#### What you will do
Repeat only the lines below from the one containing "Deeply grateful for" through the one containing "#chrissyteigen #yahoolife #yahoolifestyle", inclusive, exactly as written.

#### Supplied data

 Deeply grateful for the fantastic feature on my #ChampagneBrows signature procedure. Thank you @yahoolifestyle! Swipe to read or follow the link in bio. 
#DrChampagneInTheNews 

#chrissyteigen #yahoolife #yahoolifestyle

---

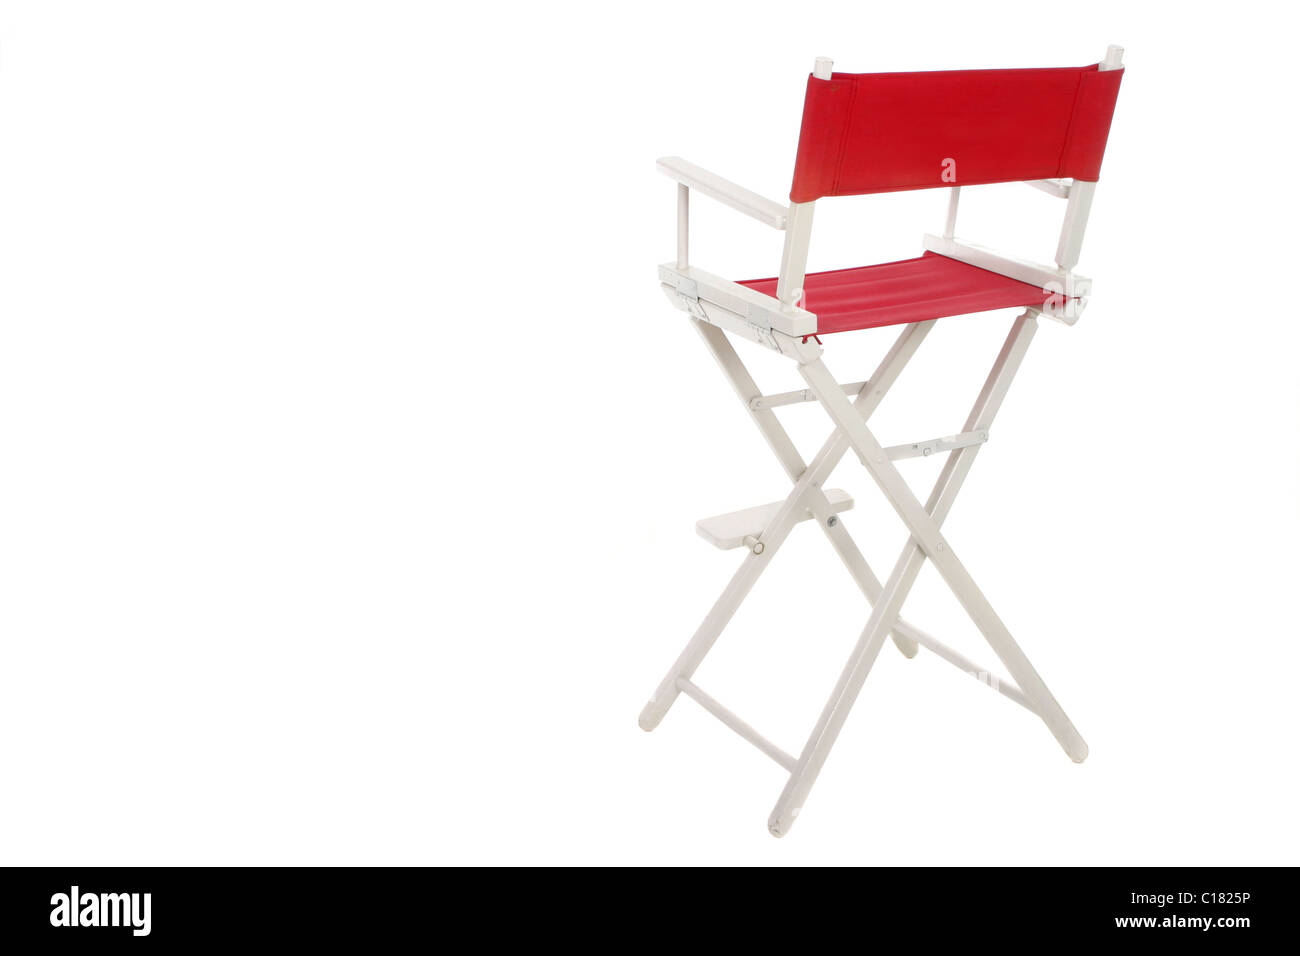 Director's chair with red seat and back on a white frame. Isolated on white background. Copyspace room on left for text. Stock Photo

#### Answer below
 Deeply grateful for the fantastic feature on my #ChampagneBrows signature procedure. Thank you @yahoolifestyle! Swipe to read or follow the link in bio. 
#DrChampagneInTheNews 

#chrissyteigen #yahoolife #yahoolifestyle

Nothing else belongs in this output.